Денщик принес водку, стакан и нарезанный на тарелке хлеб.
— Подходи причащаться! Софрон Тимофеевич, тебе первому, — поднес фейерверкеру стакан водки Борейко.
Родионов залпом выпил водку, крякнул и закусил кусочком хлеба.
— Сразу у тебя рана полегчает, Софрон, — заметил Блохин. — От водки кровь сворачивается и тело заживает,
— Ты и здоровый ее весьма обожаешь, — усмехнулся Родионов.
— Ну-с, подходи, Блоха. Как тебя звать-то?
— Филиппом поп крестил.
— А по батюшке?
— Иванович, ваше благородие.
— Причащается раб божий Филипп, сын Иванов, чистейшей русской водкой и ржаным хлебом, — пошутил Борейко, поднося ему стакан.
Блохин одним духом осушил стакан и с грустью посмотрел на пустое дно.
— Мало, что ли? — спросил Борейко.
— Надо бы еще чуток, а то глотка больно засохла,
— Очумеешь и в драку полезешь.
— Как перед истинным: отсюда прямо на свою койку пойду и завалюсь спать.
— Ладно, пей уж за все твои геройства, — налил второй стакан Борейко.
Угостив всех солдат водкой, Борейко вспомнил о Шуре Назаренко.
— А где Шурка? Позвать ее сюда, — распорядился он.
— У хату зашла. Сейчас ее покличем, — бросился кто-то из солдат к фельдфебельской квартире
— Как она вела себя в Цзинджоу? — спросил поручик.
— Геройская девка, — ответил за всех Мельников.
— Не в папашу уродилась, — вставил Родионов.

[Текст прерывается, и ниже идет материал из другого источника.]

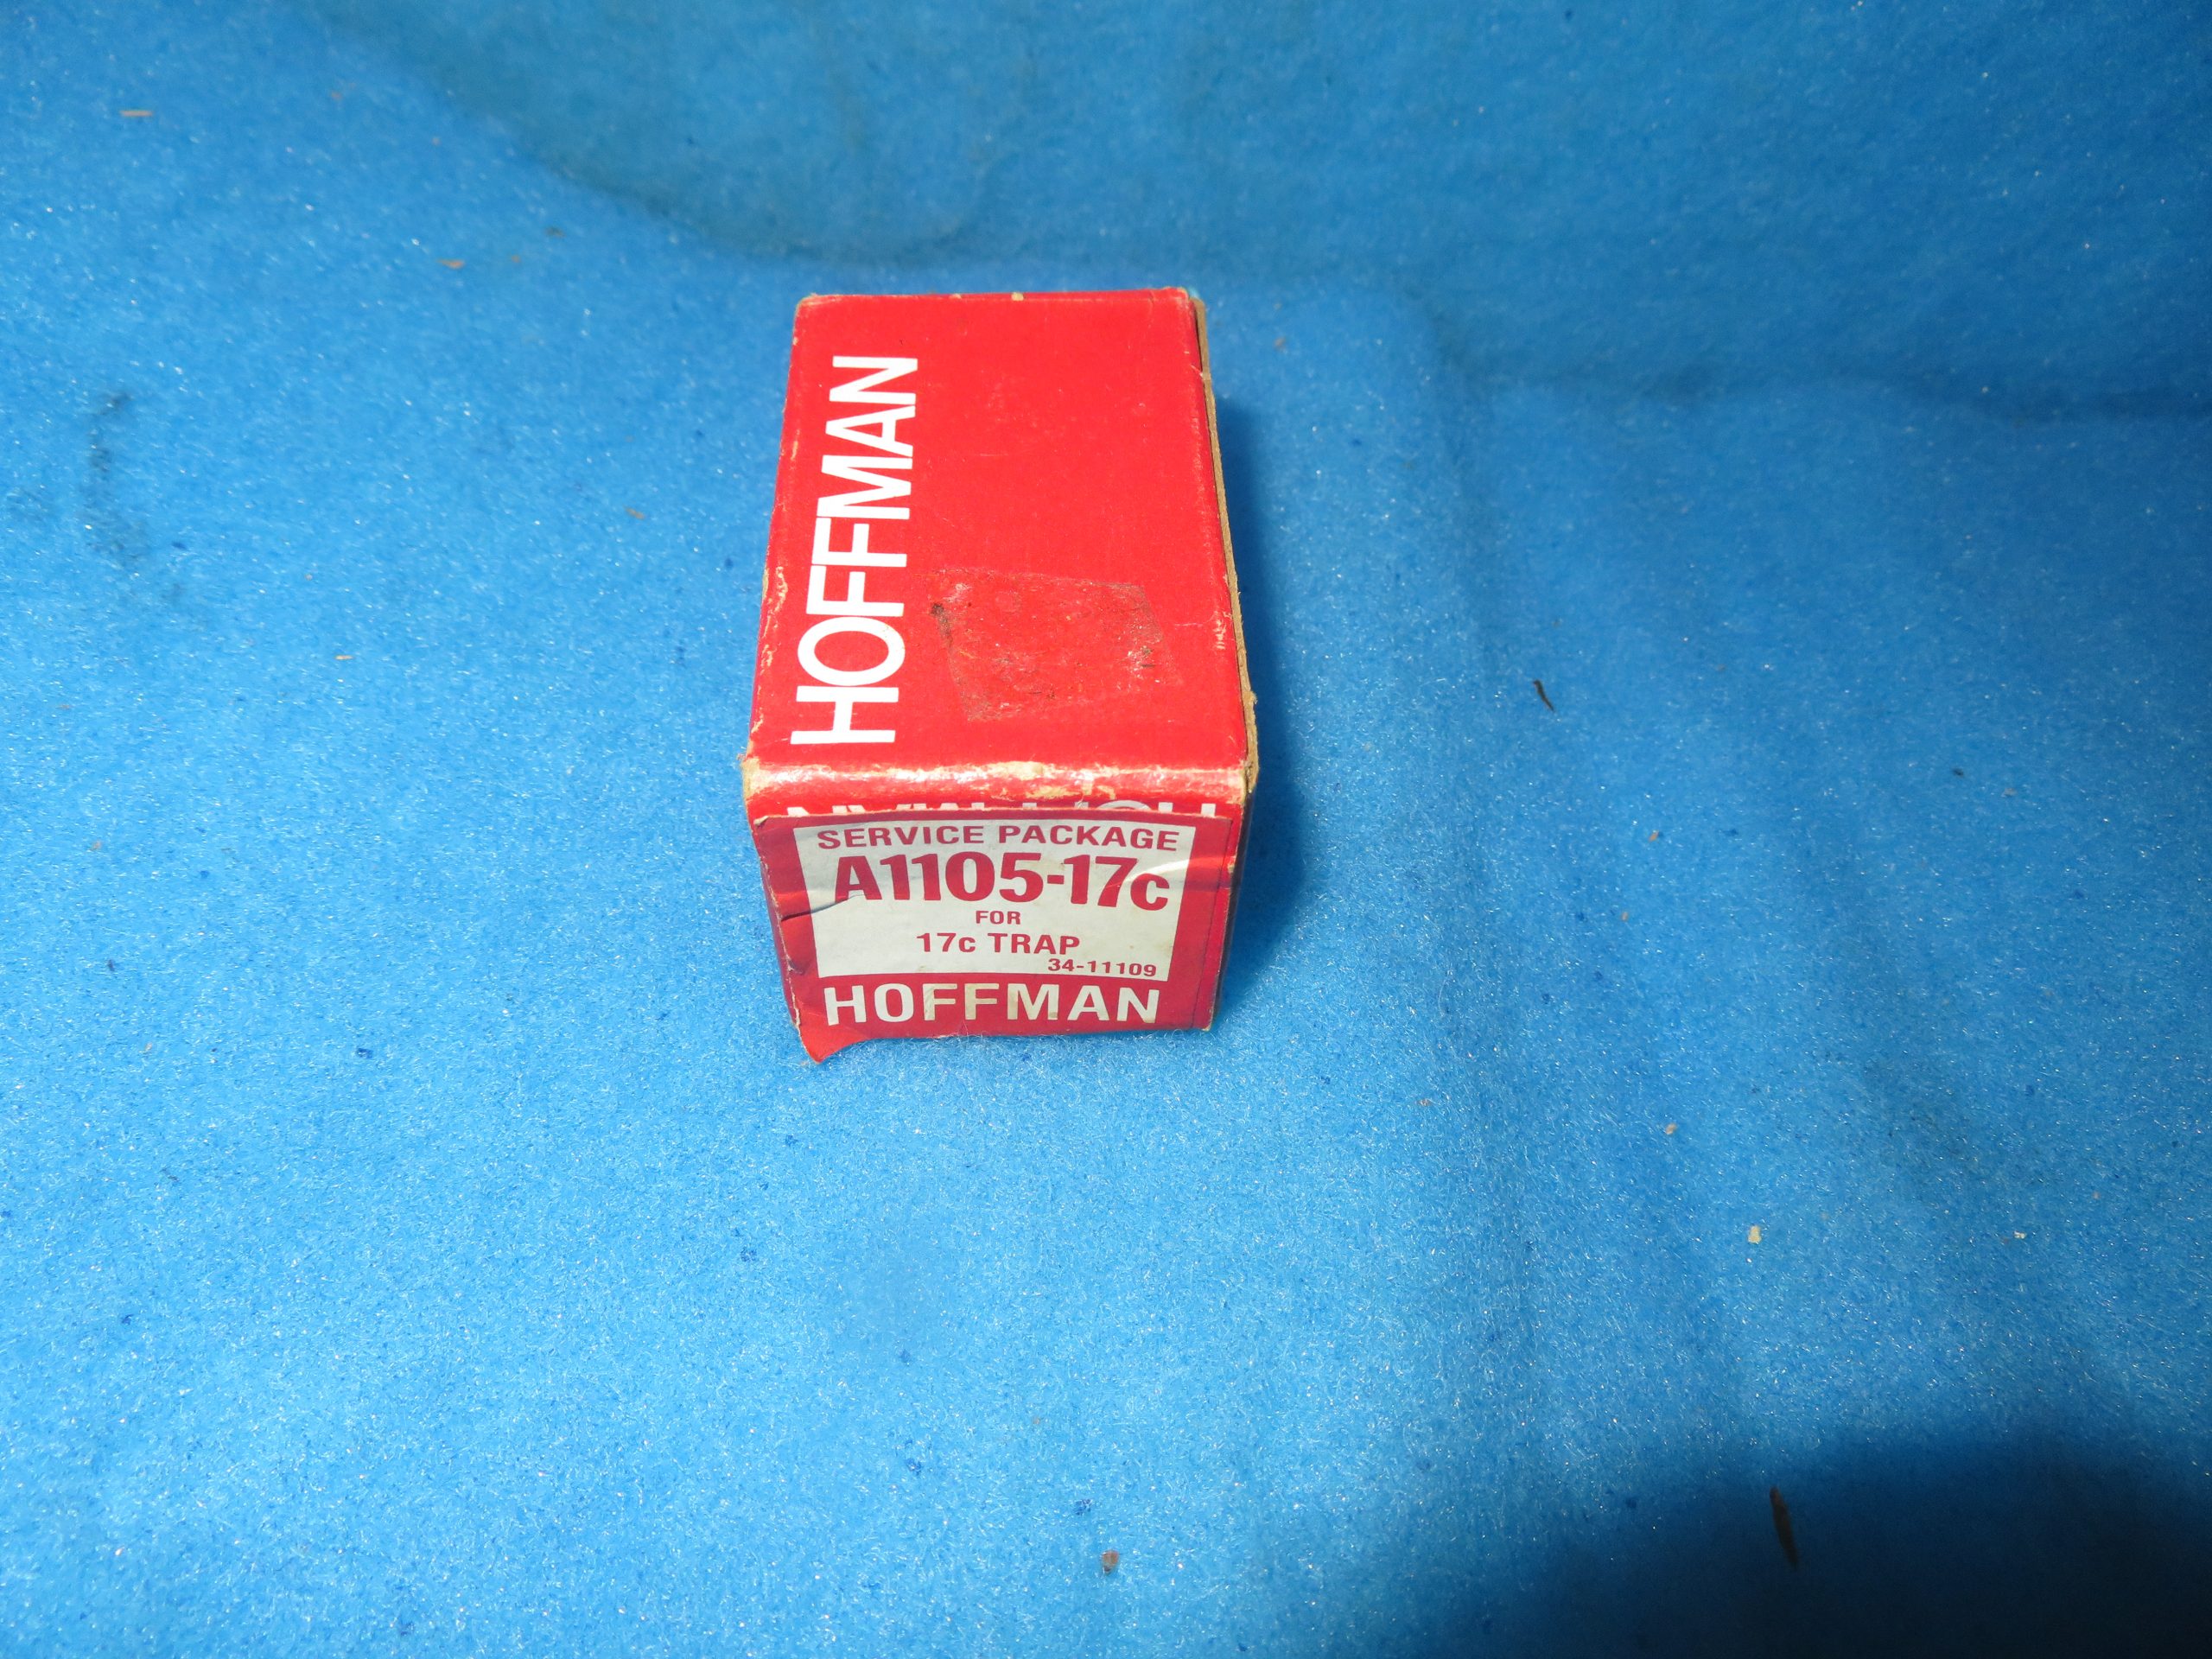 Hoffman A1105-17C  Service Package for 17c Trap

— Вы меня шукали? — спросила, подходя, Шура.
— Горилкой тебя хочу угостить за твою храбрость, — сказал Борейко, наливая стакан.
— Так я ж не в жизни не пила, — испугалась девушка.

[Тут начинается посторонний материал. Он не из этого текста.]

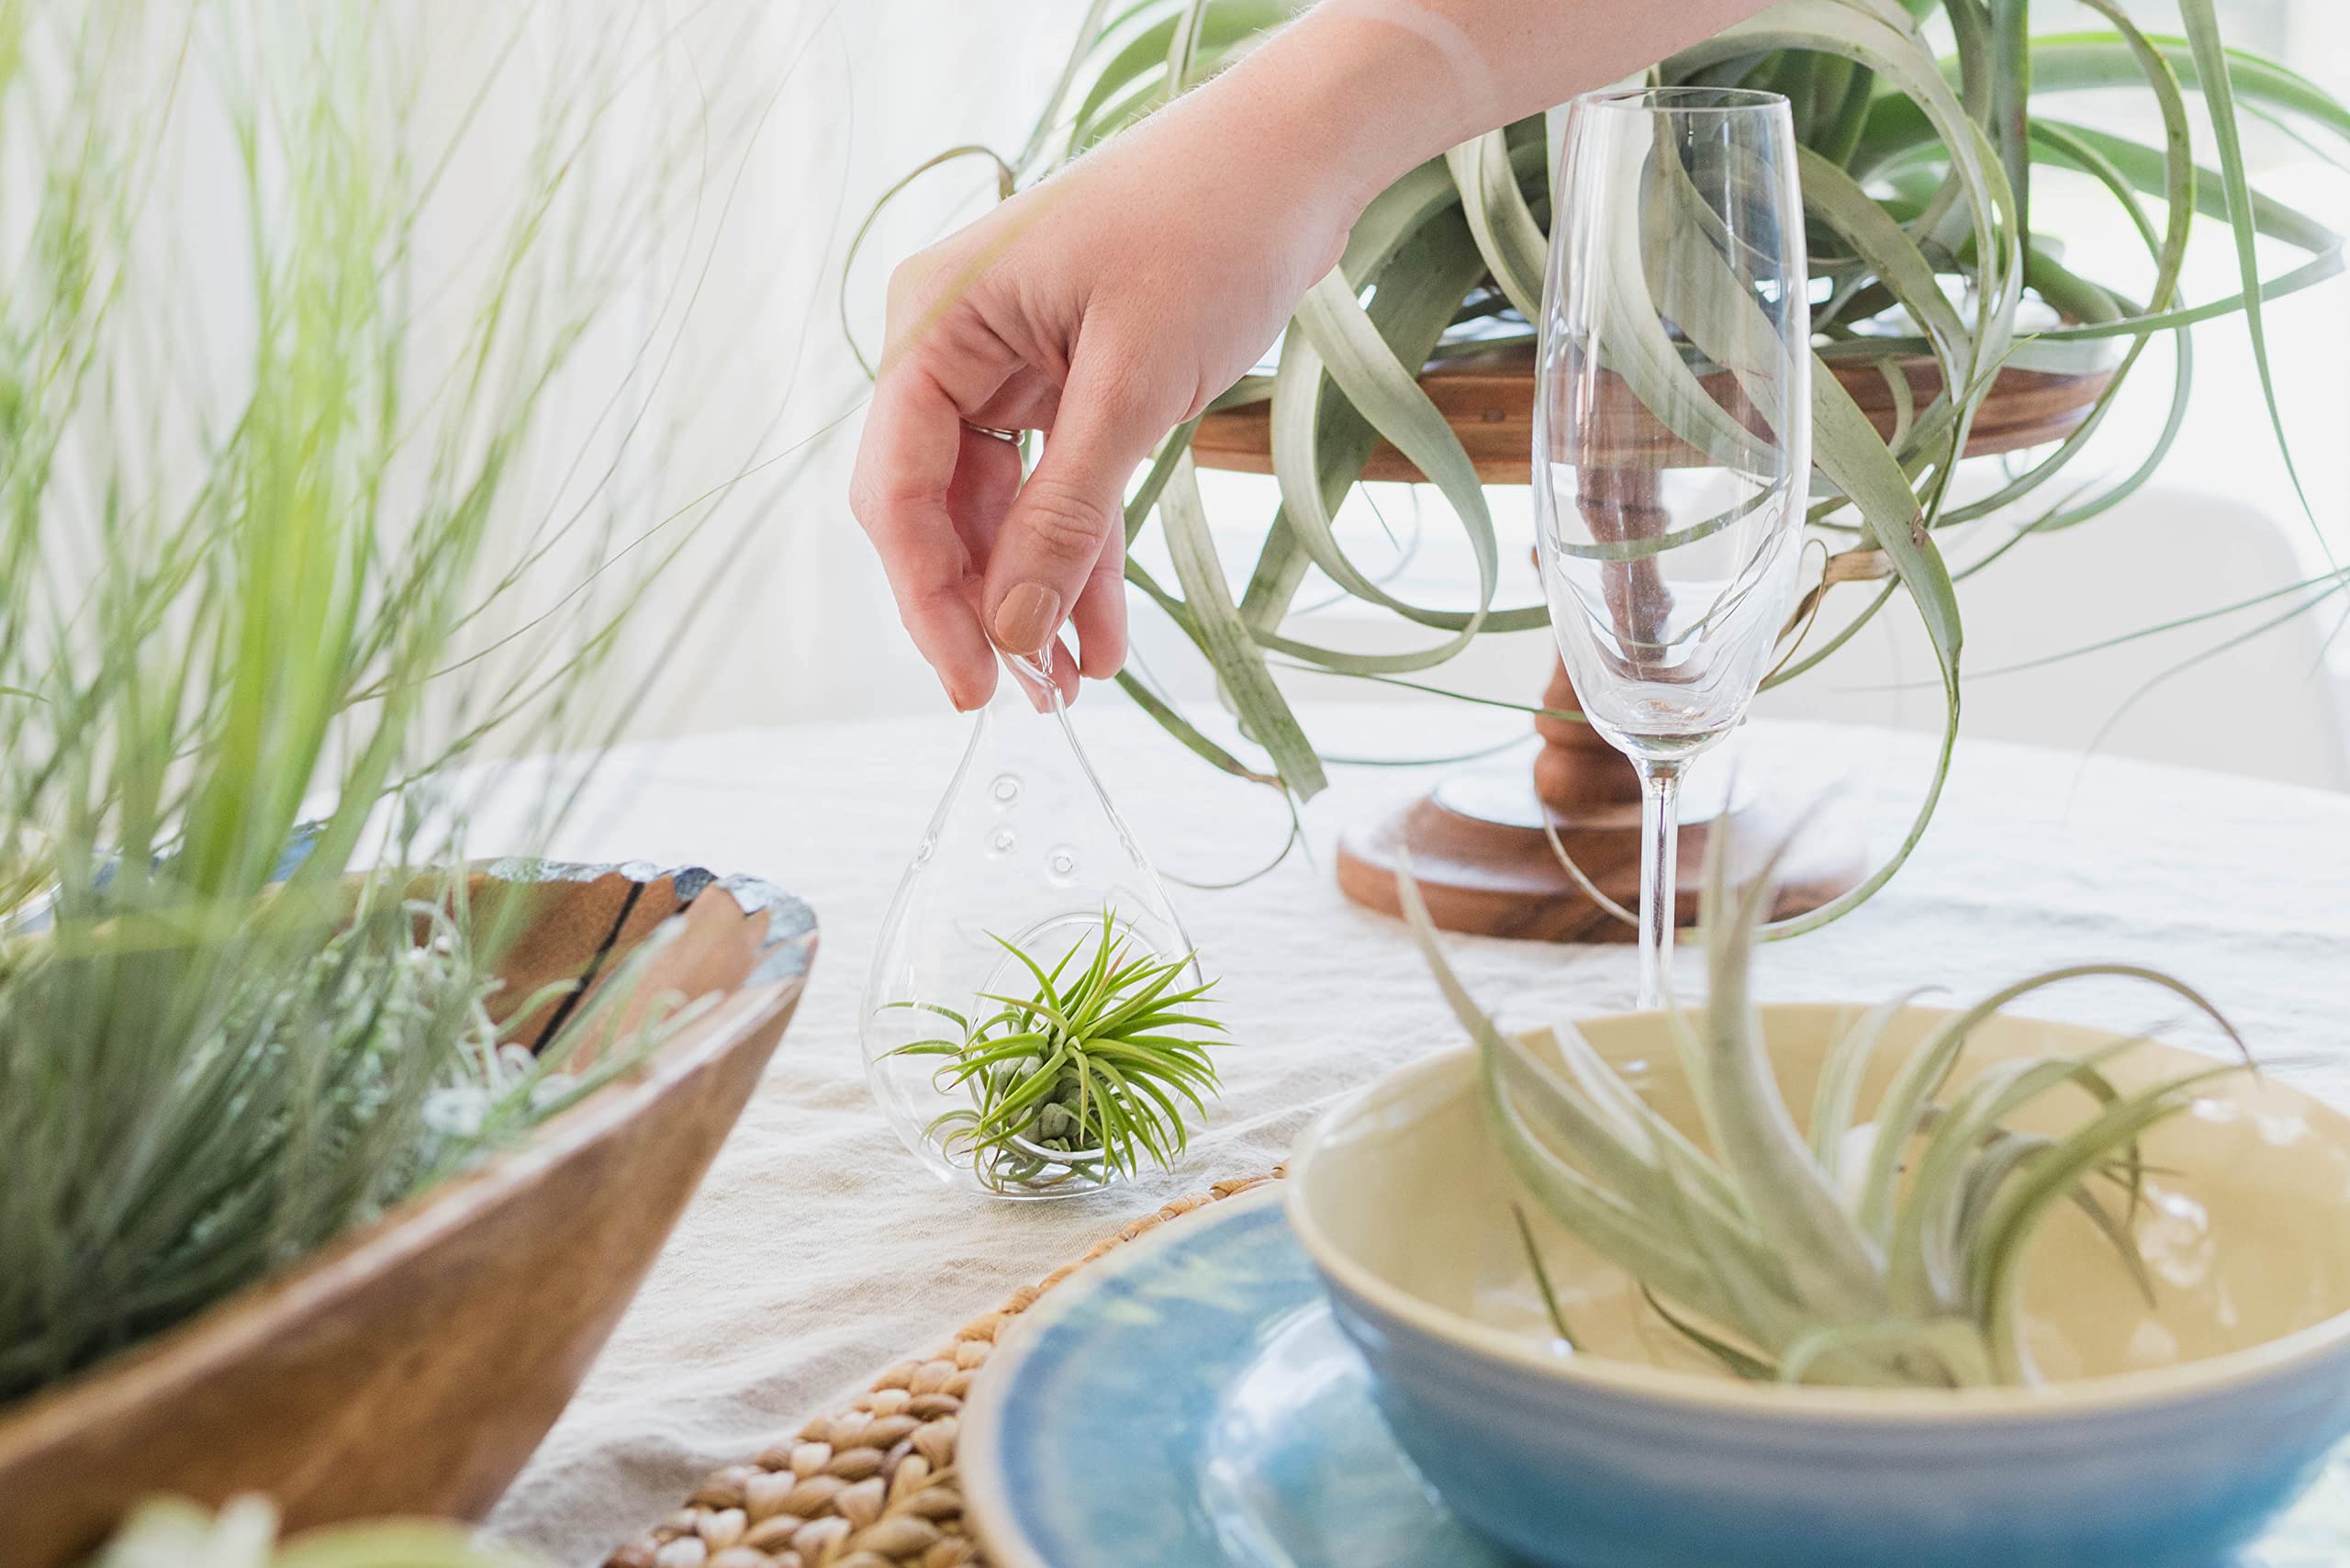 5 Pack Ionantha Air Plants Live Tillandsia Succulent Air Plant - Available in Wholesale and Bulk - Home and Garden Decor - Easy Care Indoor and Outdoor Plants Holders

— Ну, так я за твое здоровье выпью, чтоб тебе жених хороший попался, а ты только пригубишь, — подал стакан Шурке поручик.
Девушка чуть прикоснулась к водке губами.
— Тьфу, какая горькая да противная! — плюнула она.
В это время вышел на улицу разбуженный шумом Гудима.
— Смирно! — скомандовал Борейко, увидев командира.
Поздоровавшись с солдатами, поздравив их с возвращением, Гудима спохватился;
— А Звонарев где?
Все обернулись, ища в темноте исчезнувшего прапорщика.
— Сергей Владимирович, ау! — заорал Борейко.
— Они пошли к себе мыться, — сообщил Лебедкин. — Прикажете позвать?
— Нет, пусть приведет себя в порядок. — И Гудима с Борейко направились осматривать привезенные трофеи.
Мельников вытаскивал из двуколки хомуты, цинкн с патронами, медикаментами, станционный колокол, оцинкованную ванну и кучу разного тряпья. Кухня Зайца тоже оказалась набита различными солдатскими пожитками.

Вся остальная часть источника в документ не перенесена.